Supposing I have a document-term matrix as scripted below:


txt1 <- c("this is a sample document about Computer Science", "Not all sample documents are about science, they can be about art too", "and sometimes they are just useless")
names(txt1) <- c("Doc1", "Doc2", "Doc3")
df1 <- data.frame(doc = names(txt1), texts = txt1, stringsAsFactors = FALSE)
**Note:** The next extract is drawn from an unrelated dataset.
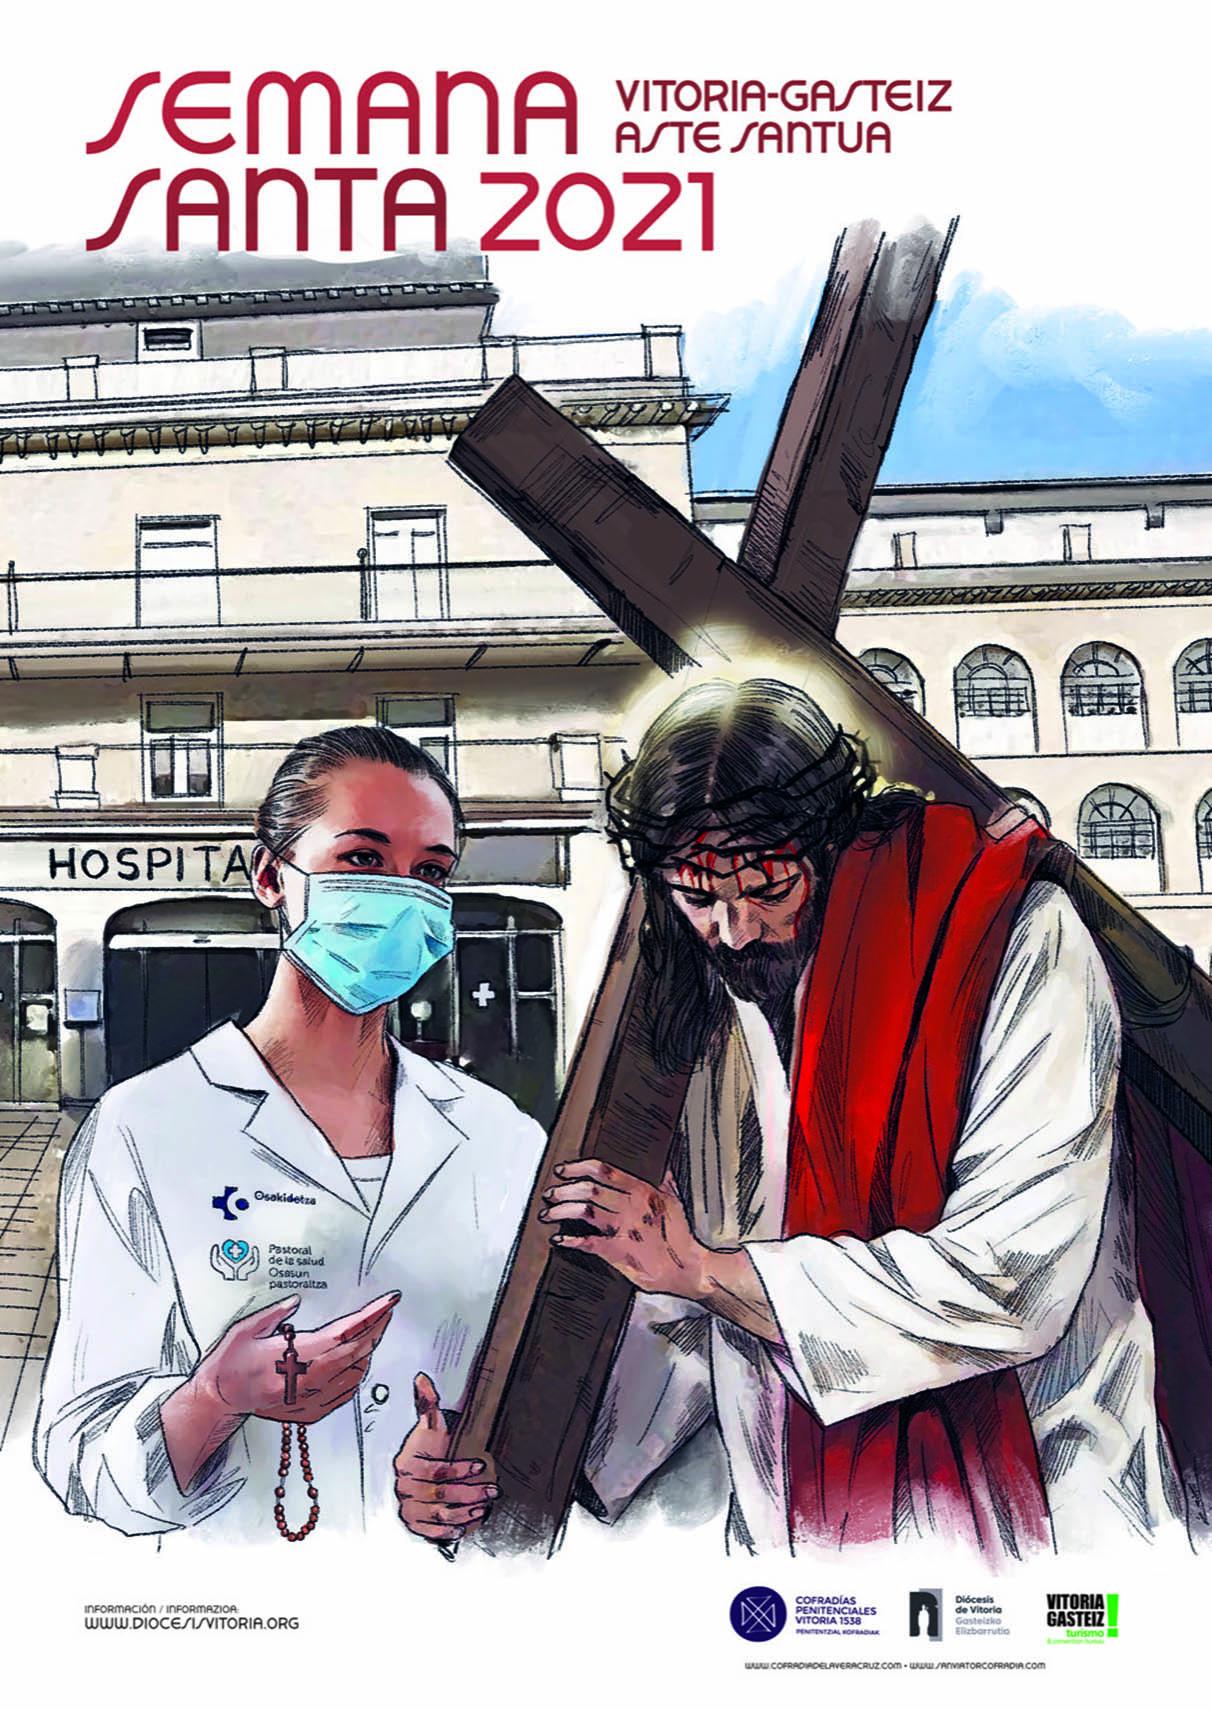 La Semana Santa vitoriana agradece el trabajo de los sanitarios en el último año | Gasteiz Hoy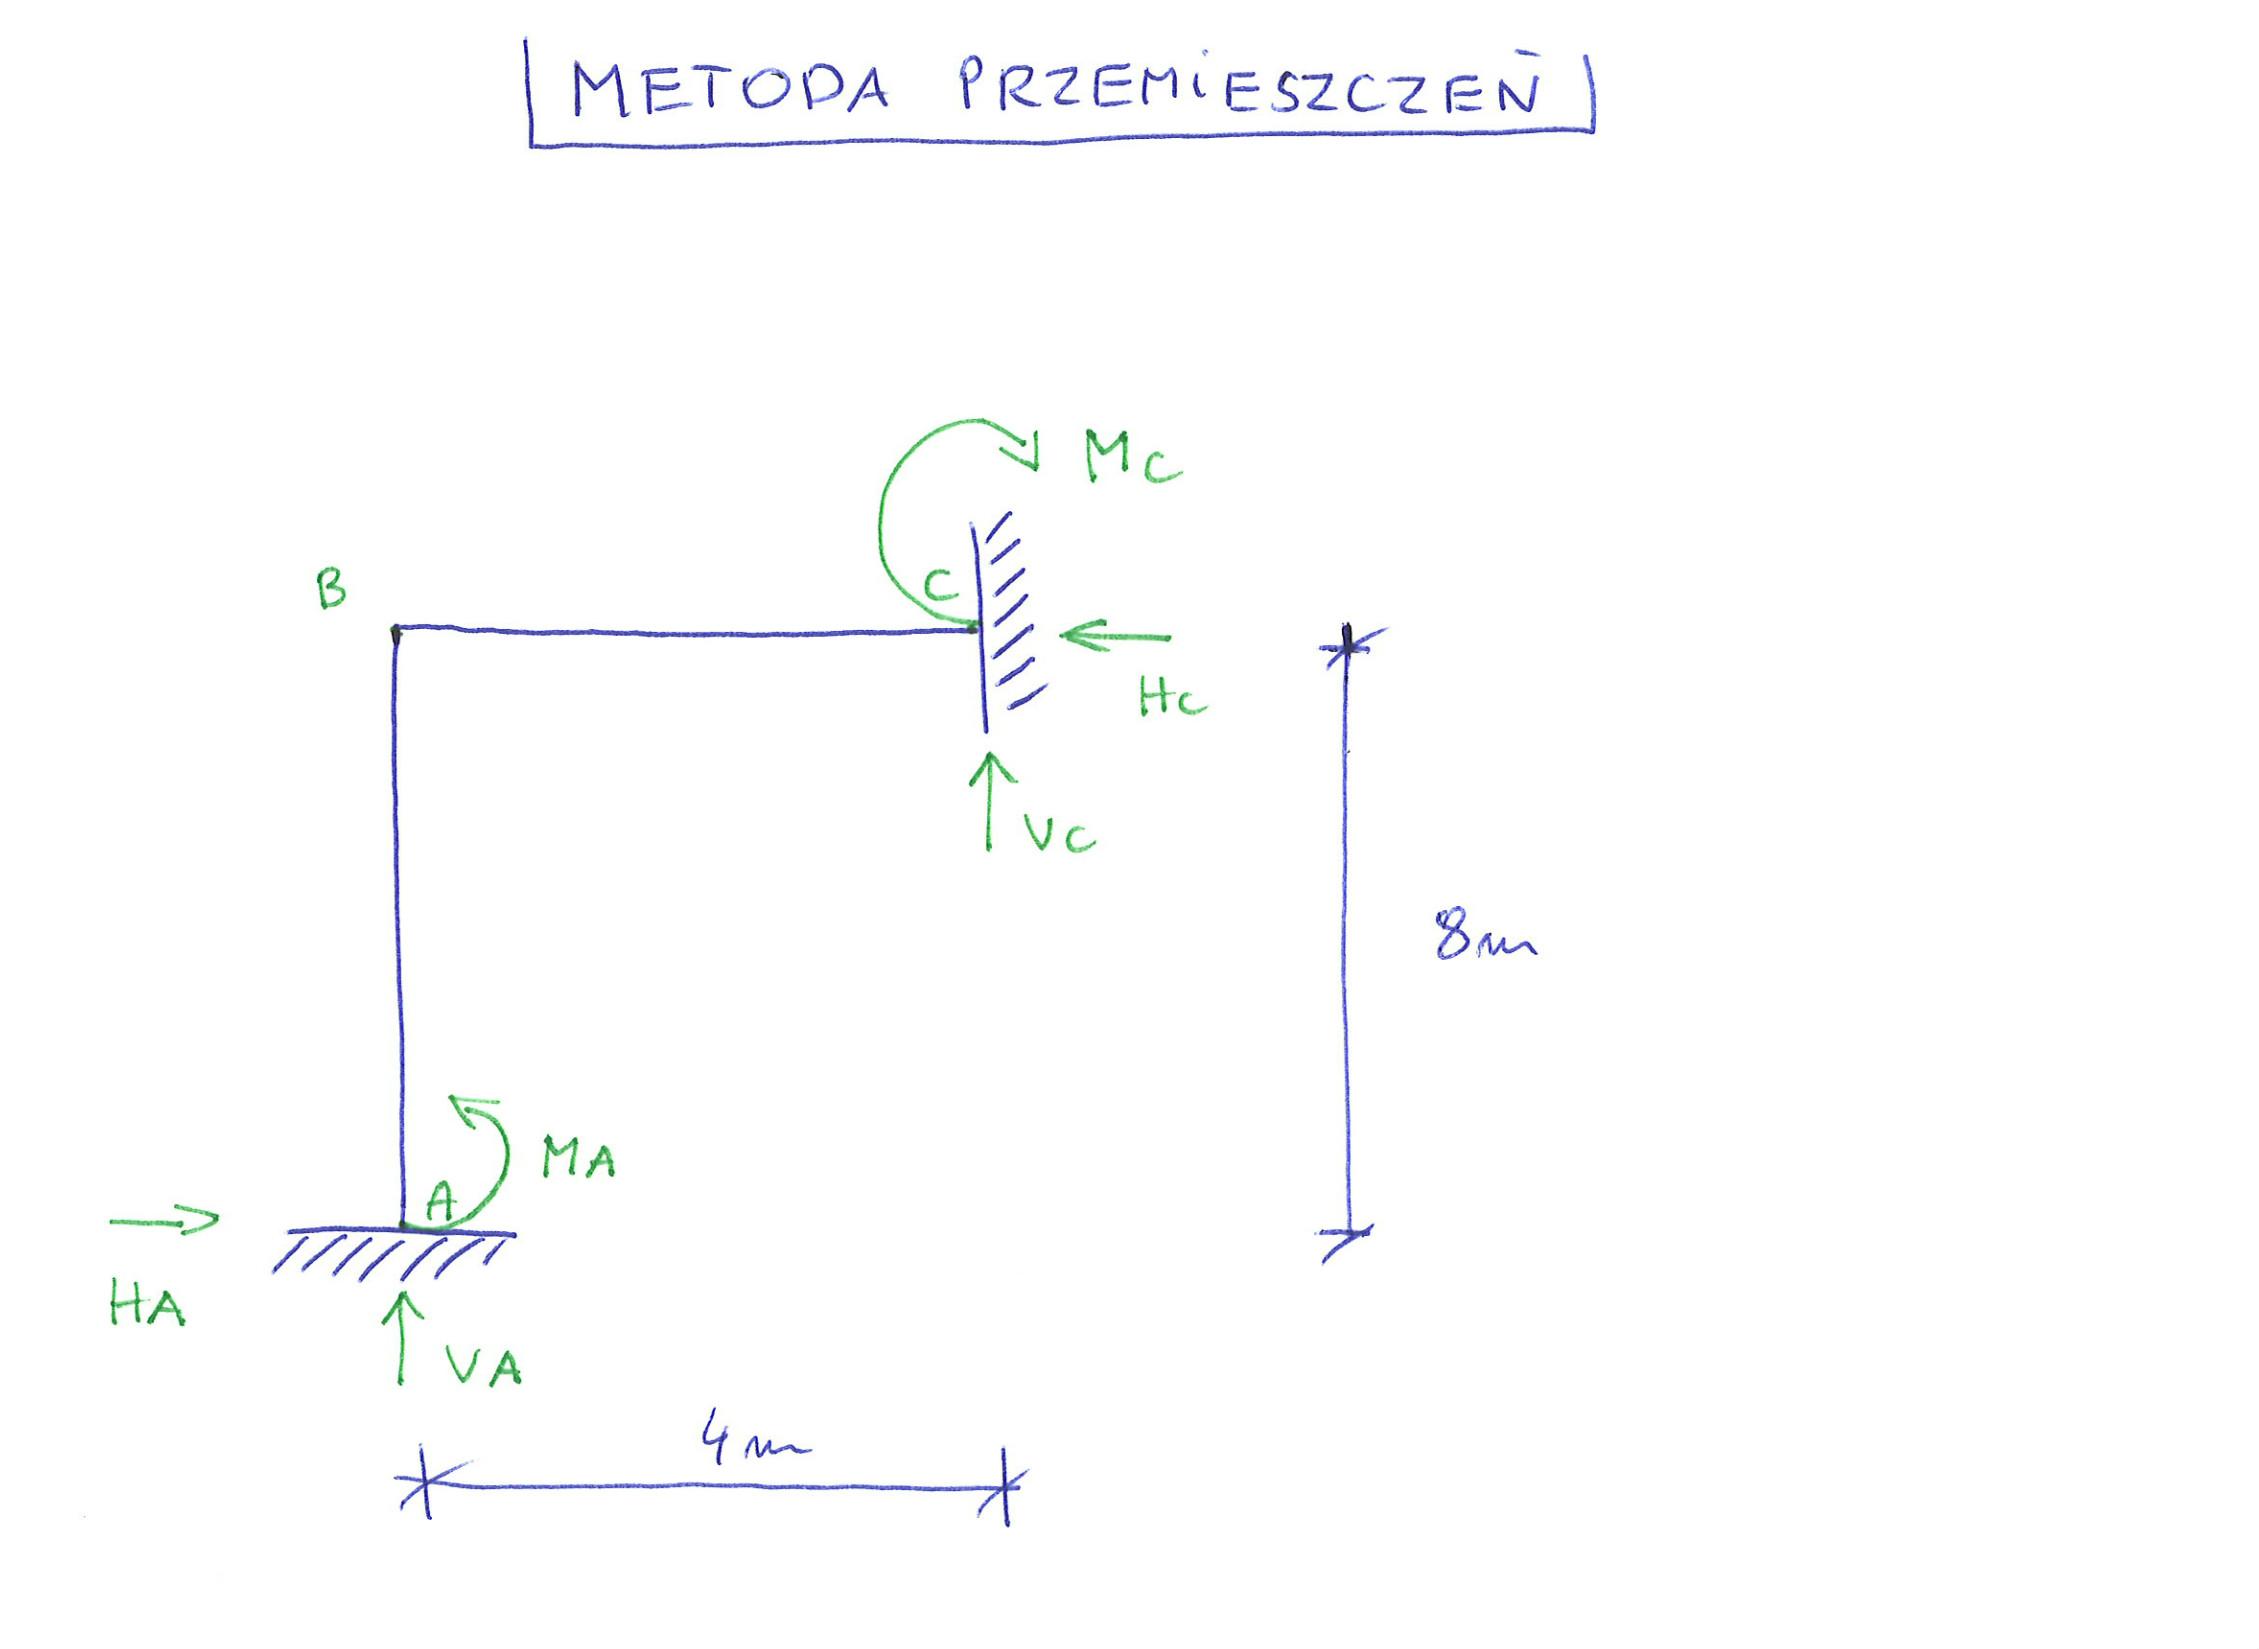 Metoda Clebscha - jak prawidłowo ustalić warunki brzegowe?

a1 <- df1 %>% unnest_tokens(output = word, input = texts) %>% 
group_by(doc, word) %>% 
summarise(totals = n()) %>% 
ungroup %>% 
spread(word, totals, fill = 0) %>% 
select(-doc) %>% as.matrix %>% 
scale(center = TRUE, scale = TRUE) %>% 
dist.cosine %>%
cmdscale %>%

a1$name <- 1:nrow(a1)

ggplot(data = a1, aes(x = X1, y = X2)) + 
geom_text(aes(label = name))

Q1. Is it Statistically correct to apply Multi-dimensional scaling (in R, this is via cmdscale) or PCA on a Cosine Similarity matrix?
I think it is not, since Cosine Similarity is not a proper distance metric.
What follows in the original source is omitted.